Passion Pit’s new app gives fans interactive experiences with songs

From The Creators Project:

Passion Pit released a new “app EP” yesterday, the Passion Pit Gossamer app, which features four different interactive experiences for the songs “Take A Walk” and “Carried Away.” Developed by interactive artist Scott Snibbe and his studio (whose work you may remember from Björk’s Biophilia app album), the project serves as further proof that mobile apps are gaining traction in the music world as the kind of album supplement artsy limited-edition CD packages and high budget music videos used to dominate.

Why I’m curious:

Brands don’t always have to create the experience for the consumer — instead, give the consumer tools to create their own experience. This is yet another example of how consumer experiences are no longer just about consumption but about participation. Rather than listening to music, then listening and watching a music video, it’s about playing with the artist’s project in different ways and sharing it with your own network. Passion Pit has already made sure it’s visually and aurally cool, and now it’s time for us to put our touchscreens to work to remix it.

Musicplayr Sparks Unified Listening

Socializing music is hardly a new topic for the digital landscape. However, a tool in beta called Musicplayr, puts a new spin on how users enjoy their tunes by creating “unified listening,” as its founders Thorsten Luettger and Stefan Vosskoetter say. This service merges certain features of various music platforms like Spotify and Last.fm in efforts to allow users to make playlists from music scattered all over the Internet.

It’s simple: you can link any music you find on the Internet to playlists which can be private or public to be shared with other users. Musicplayr accepts links from platforms like YouTubeSoundCloudVimeo and DailyMotion, links from music blogs and MP3s uploaded by users.

According to Silicon Allee, all the music you gather is accessible from one place, and just hitting play will allow you to listen to a continuous stream of songs from a variety of platforms, with the ability to skip forward and back, pause and repeat. The other way to use Musicplayr is in discovery mode – by ‘following’ other users you can create a stream of new music straight to your computer as they link songs to their own playlists.

The advantage that Musicplayr has over other discovery platforms is that recommendations come directly from humans, not algorithms. And that means it’s curated by humans – you can choose which songs you share and which ones you don’t.

Why I’m Curious: My eclectic music taste piques my curiosity for a tool of this nature. I’ve spent hours making my own lists of various links I’d like to listen to before, and now Musicplayr does all the hard work for me. I also really believe there may be an opportunity for brands to leverage this for consumers, especially with the “follow” feature. Various brands, particularly in the entertainment sector, may use this platform to integrate within certain campaigns and artistically identify their brand by the links they share.

Self-Playing Piano Takes Requests Via Twitter

Meet Stanley, an interactive piano who takes song requests via tweets to @stanleypiano.

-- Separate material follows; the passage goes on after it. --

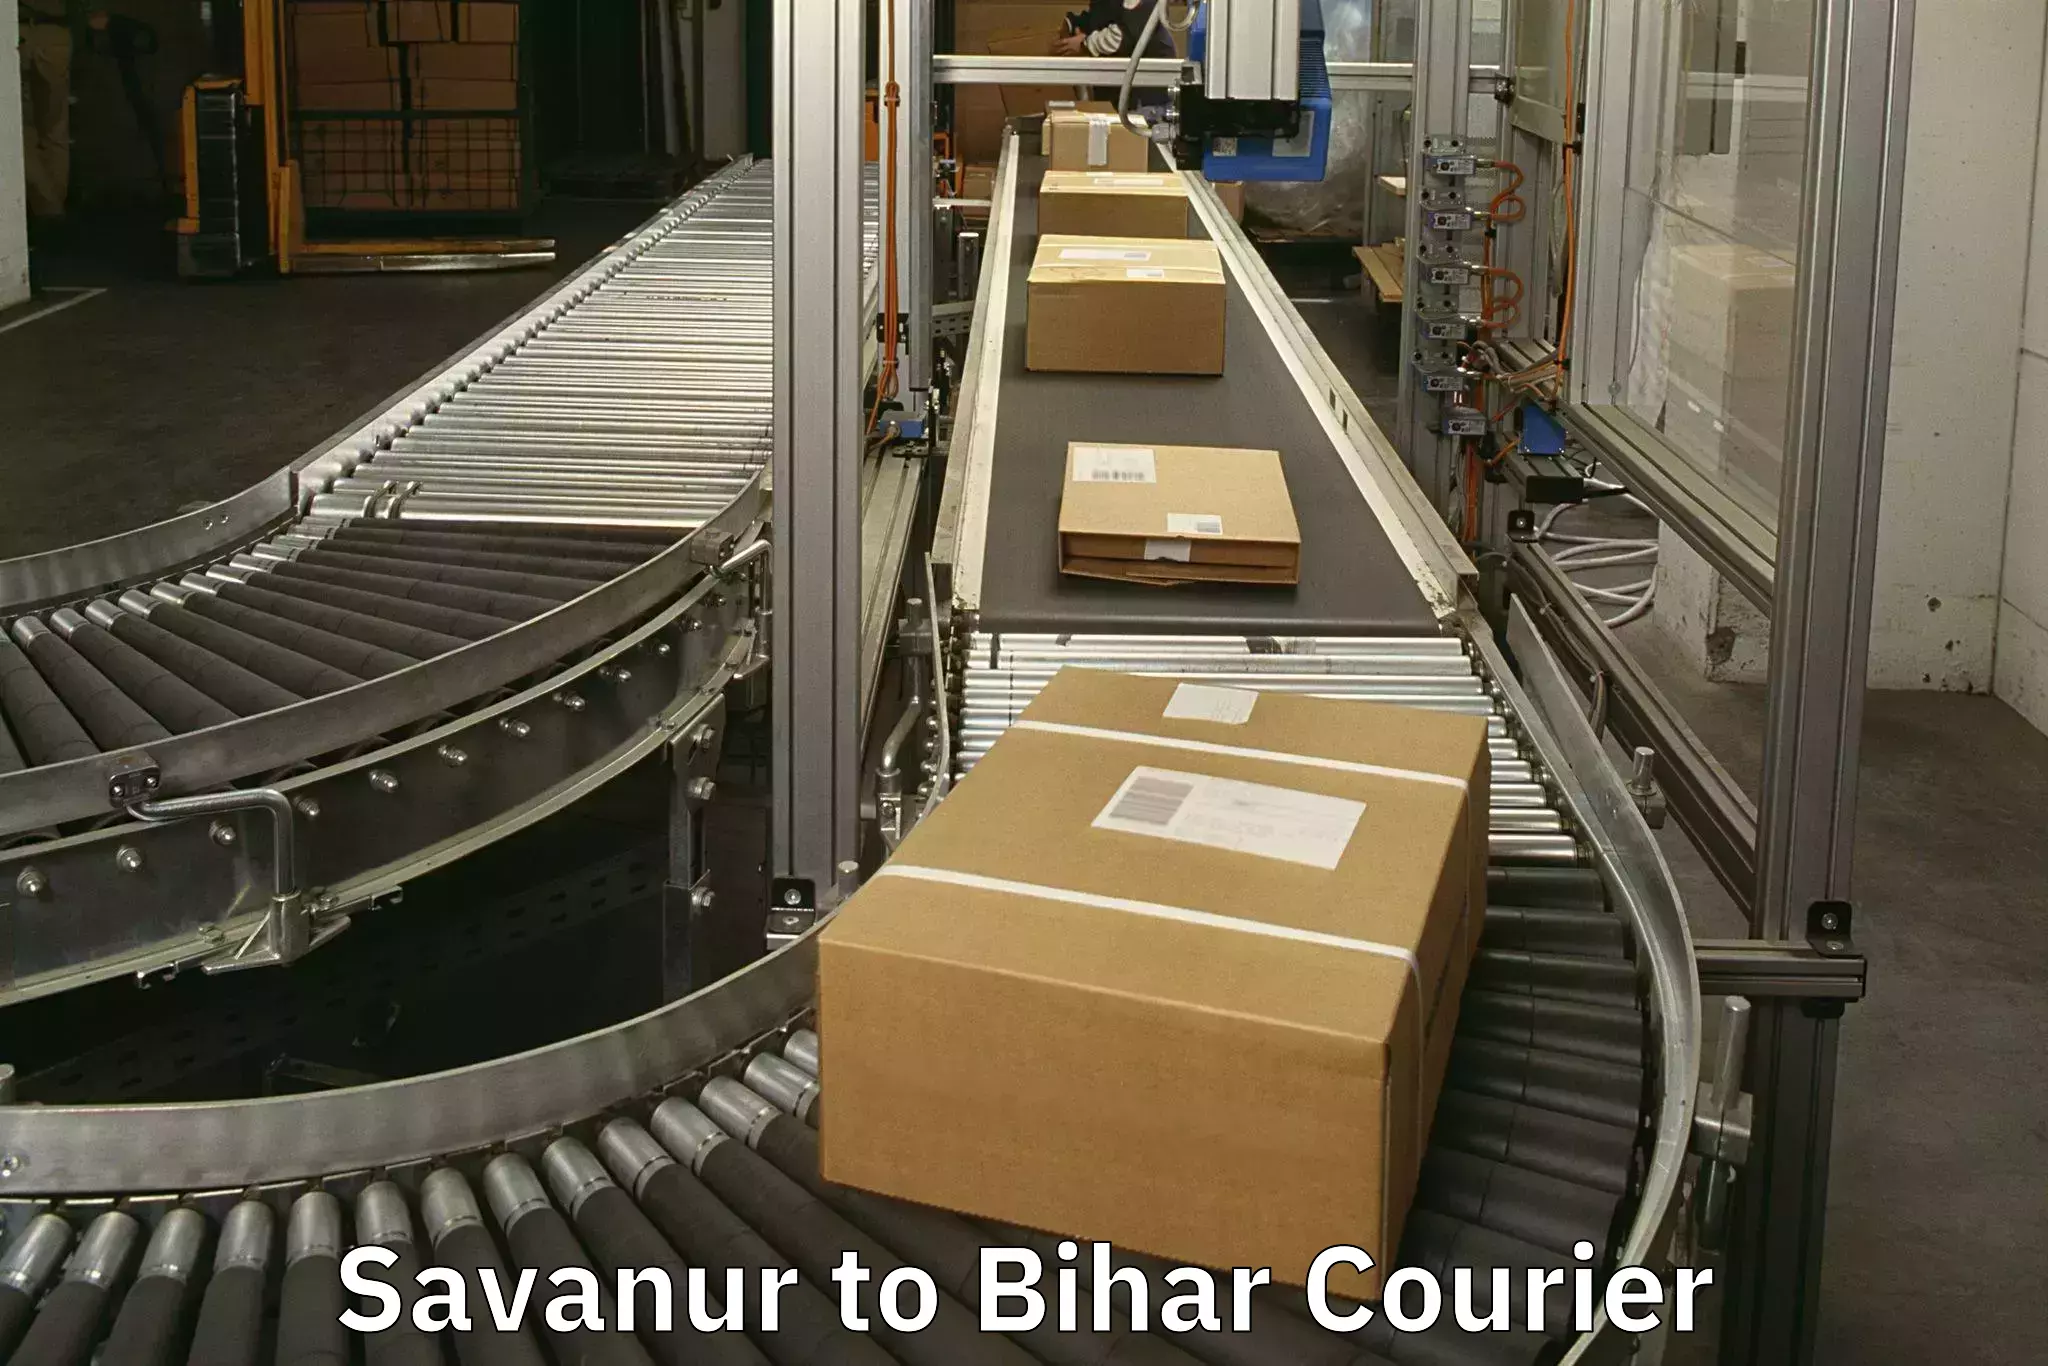 Baggage shipping experts Savanur to Bankipore

Created for Seattle’s Capitol Hill Block Party, the interactive piano knows at least one song from each of the 100+ bands and DJs playing at the festival and can ‘learn’ others too. Stanford, a custom moderation tool, filters the requests and puts the songs into a queue.  Songs get called from a pre-loaded MIDI (musical instrument digital interface) and Stanley starts to play. The person who requested the song is notified automatically with an @reply when their song is next.

Why I’m Curious: We’ve seen brands from Nike to Mercedes-Benz use Twitter to provide a utility for consumers. But it’s nice to see a use of Twitter that instills a sense of joy and wonder for people. Music is clearly a universal entity with mass appeal, but I think brands could use other objects that we’ve been conditioned to experience in a particular way and reinvent the experience with user interaction.